New $5 bill will feature legendary opera singer Marian Anderson

Marian Anderson (Philadelphia Tribune File Photo)
Marian Anderson (Philadelphia Tribune File Photo)
In the upcoming years, you may be able to look in your wallet and see Philadelphia’s own Marian Anderson on the back of a $5 bill.
Although Treasury Secretary Jacob J. Lew made the announcement regarding the design updates to the $5, $10 and $20 bills earlier this year — he was in town on Friday discussing historic changes in currency as he toured the Marian Anderson Residence Museum and met with graduate students from the University of Pennsylvania’s Wharton School.
Anderson, along with Eleanor Roosevelt and Martin Luther King Jr., will be on the reverse side of the new $5 bill. The front of the bill will retain President Abraham Lincoln’s portrait.

[pullquote]“I came here today, because as part of our redesign of our United States currency, our money, one of the things we’re going to be doing in representing more of American history, we’re putting images of women, images of people who have not been on our currency before,” Lew said. “The whole country should be reflected in the history that we show in our currency.”[/pullquote]

Additionally, on the reverse side of the $10 bill, heroes from the women’s suffrage movement will be added. Those women include Sojourner Truth, Susan B. Anthony, Alice Paul, Elizabeth Cady Stanton and Lucretia Mott. The front of the bill will still contain Alexander Hamilton.
Lastly, the front of the $20 bill will include the portrait of Harriet Tubman, while the back will contain the White House and an image of President Andrew Jackson.
“We’re actively working on the $5, the $10 and the $20,” Lew said. “The bills will come out in an order that is determined by security requirements. Which bill needs to be replaced to make sure our currency is safe. We’re doing everything we can in our remaining time to make sure that we’ve got everything in place for that schedule to be accelerated, not deaccelerated.”
The Treasury Department projects that the new currency will be unveiled in 2020, in conjunction with the 100th anniversary of 19th Amendment, which gave women the right to vote. Due to security needs, the $10 bill is slated to be redesigned next.
Ultimately, the Secretary of Treasury makes the final decision on currency design. Because the administration of President Barack Obama is coming to an end, final action on the redesign will have to be approved and made by the following administration.
“I think the enthusiasm about the announcement and what we’ve made has left an important mark,” Lew said. “I think the decisions like the decision of Harriet Tubman on the $20; people have already started calling them ‘Tubmans’ and they’re not even printed yet.”
On Friday morning, Lew walked into the acclaimed singer’s former tiny South Philadelphia row house located at 762 Martin St., and was greeted by museum official Jillian Pirtle.
He received a tour that began on the level floor where gowns of the former singer were displayed, then climbed upstairs to the second floor, and then down to the basement.
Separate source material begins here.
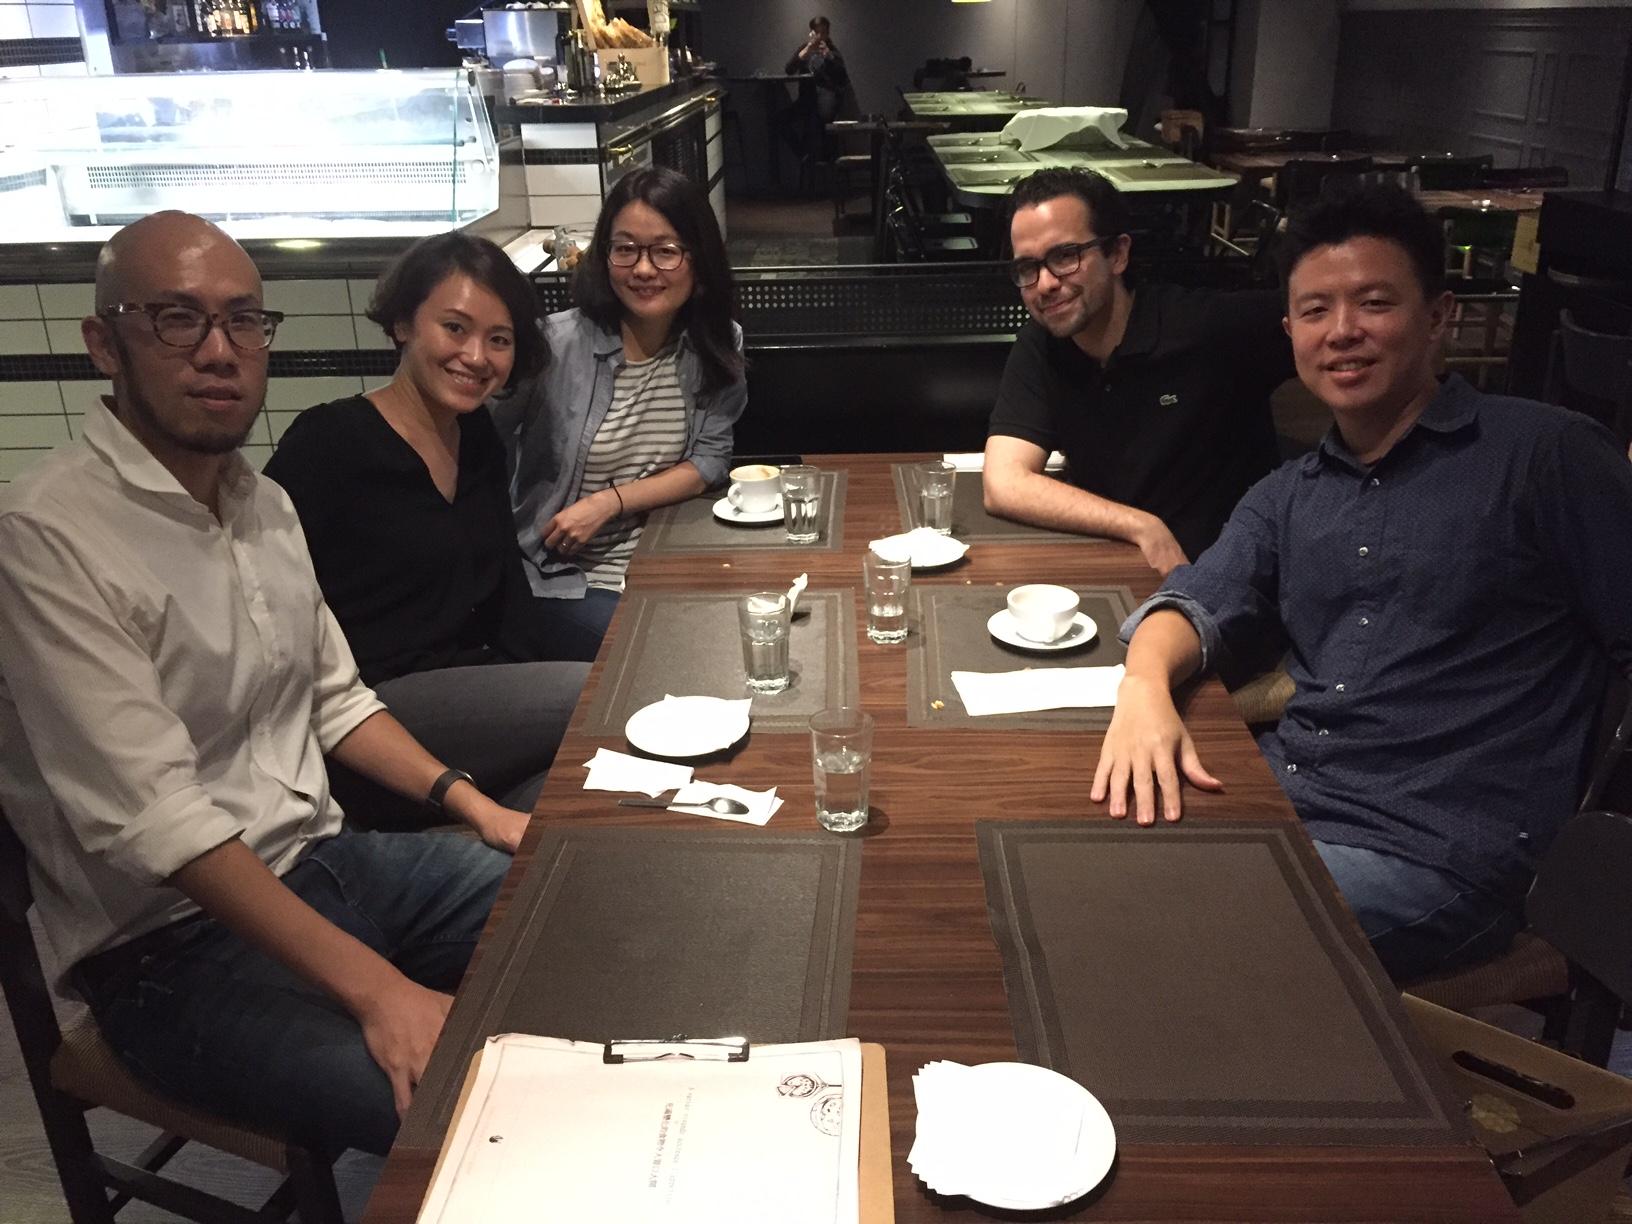 From Left to Right: Tenniel Liu, Tina Wu, Diane Shin,  Alisan Atvur  , and   Mike Wu  .
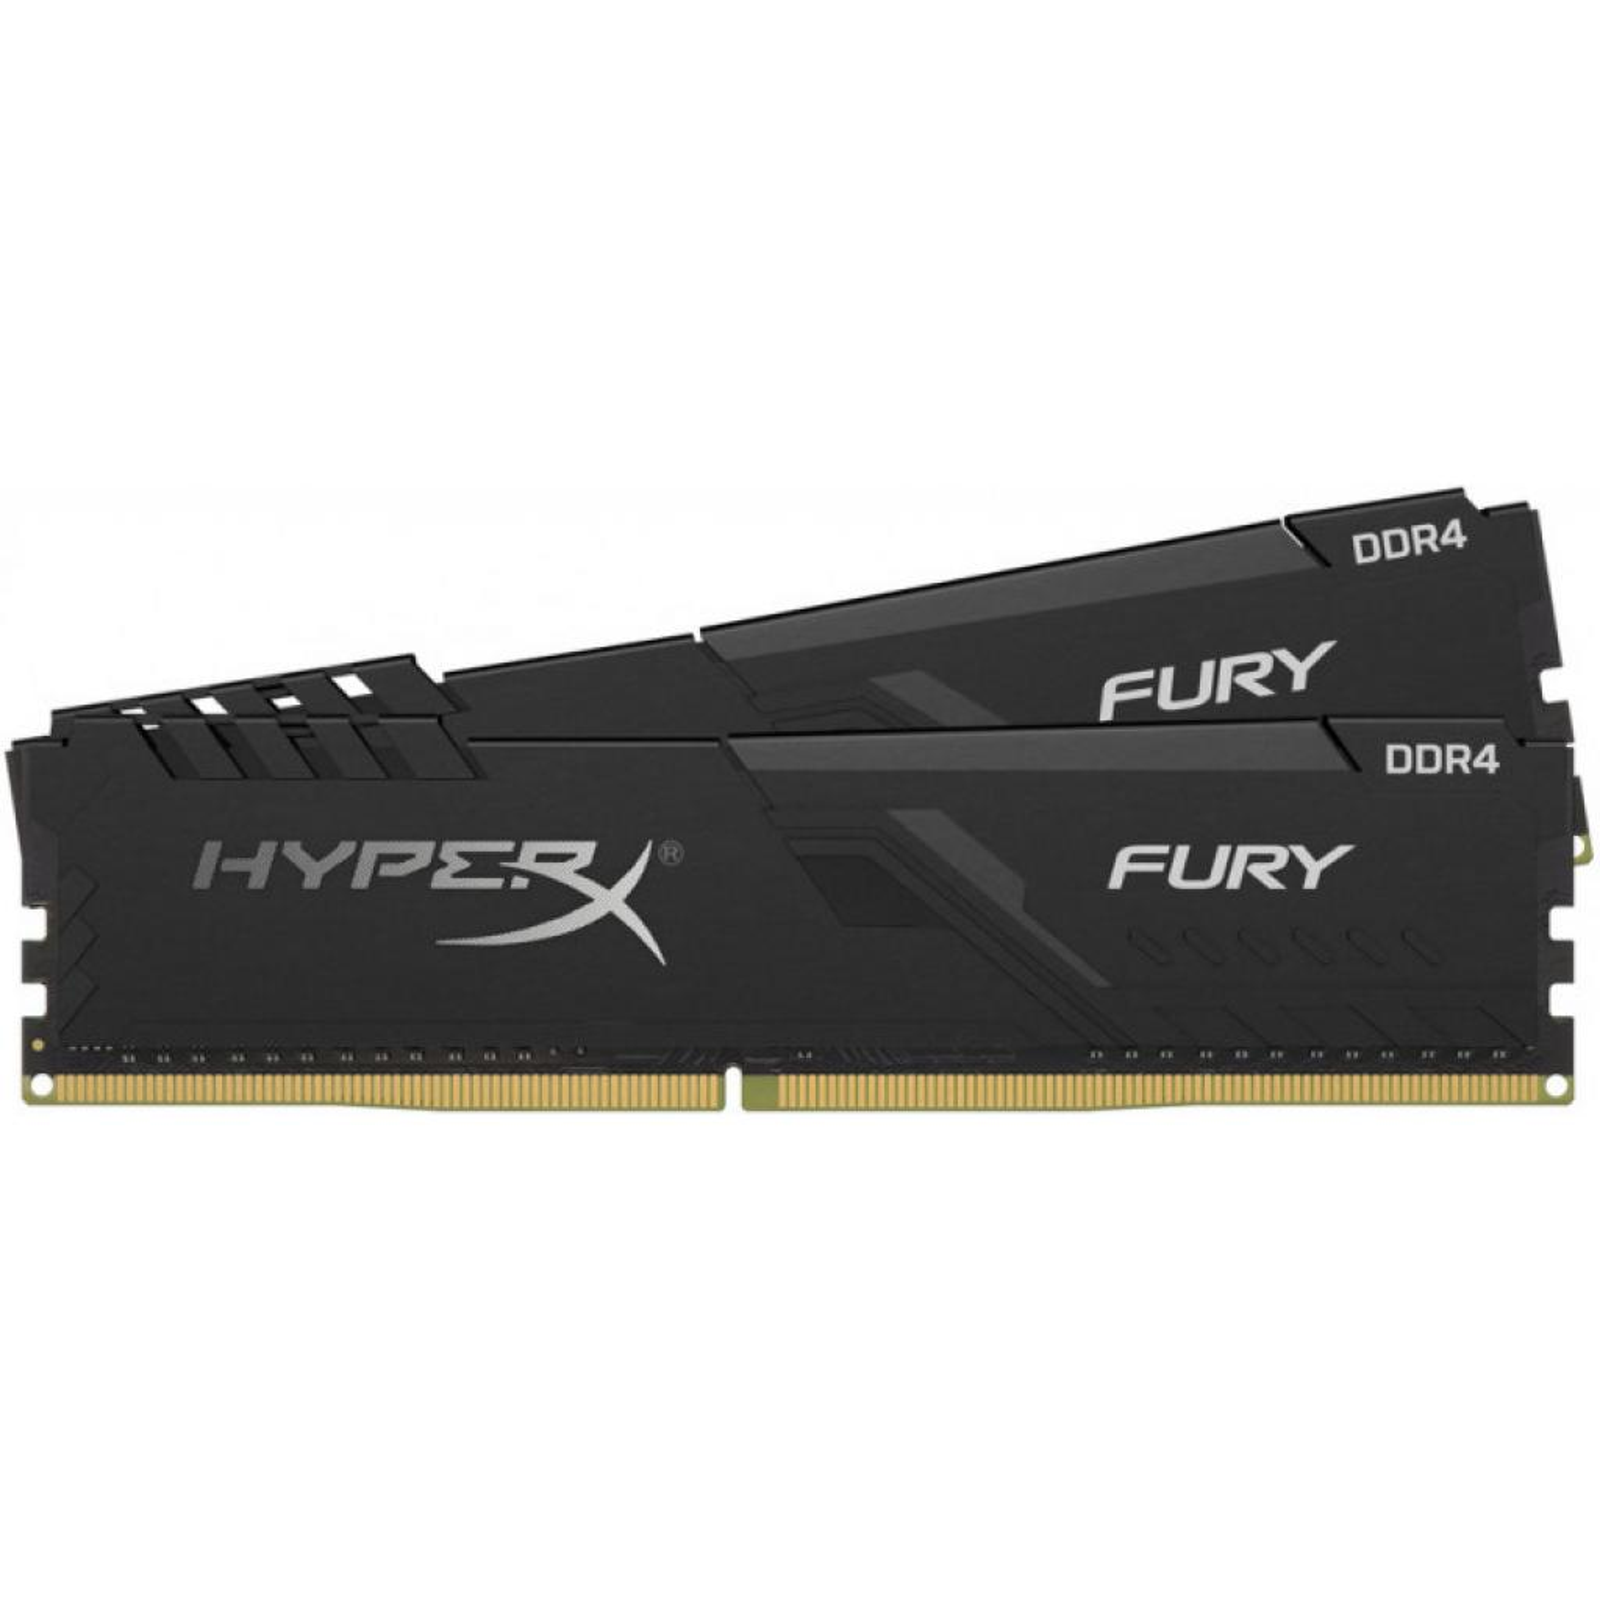 Модуль памяти для компьютера DDR4 16GB (2x8GB) 2666 MHz HyperX Fury Black HyperX (Kingston Fury) (HX426C16FB3K2/16) изображение 2

Back on the ground level, Lew was treated to a performance of two songs — one sung by Pirtle.
“I had a great visit at the Marian Anderson Museum,” Lew told reporters. “It really preserves the history and the legacy of Marian Anderson in a very moving way, here in the house that she lived in and in the city that she lived and that she loved.”
Anderson bought the house in the 1920s and she died in 1993. The home is maintained by the Marian Anderson Historical Society, an organization founded by Blance Burton-Lyles.

 Anderson, was born in Philadelphia in 1897 and is one of the world’s most revered contraltos. She sang at the Lincoln Memorial in 1939 and was the first African American to perform at the New York Metropolitan Opera in 1955.

“Marian Anderson is in a very special place,” Lew said of the museum. “A major event both in her career and in the length of our country was when she sang on the steps of the Lincoln Memorial at the invitation of First Lady (Eleanor) Roosevelt at a time when Washington’s concert halls were still segregated.”
Pirtle called having Anderson on America’s $5 bill fitting.
“I think it is the sweet culmination of everything she endeared in her life,” she. “Marian’s life was never really easy. She endured so much racial discrimination, so much oppression and anti feminism of women succeeding in life. But she overcame.”
She’s thankful for Lew’s visit.
“For him to have such a profound appreciation for Marian and her life and her legacy … to come and tour her beautiful museum and home has meant the world to me as an artist and as an ambassador’s of Marian’s name and her great will through this museum.”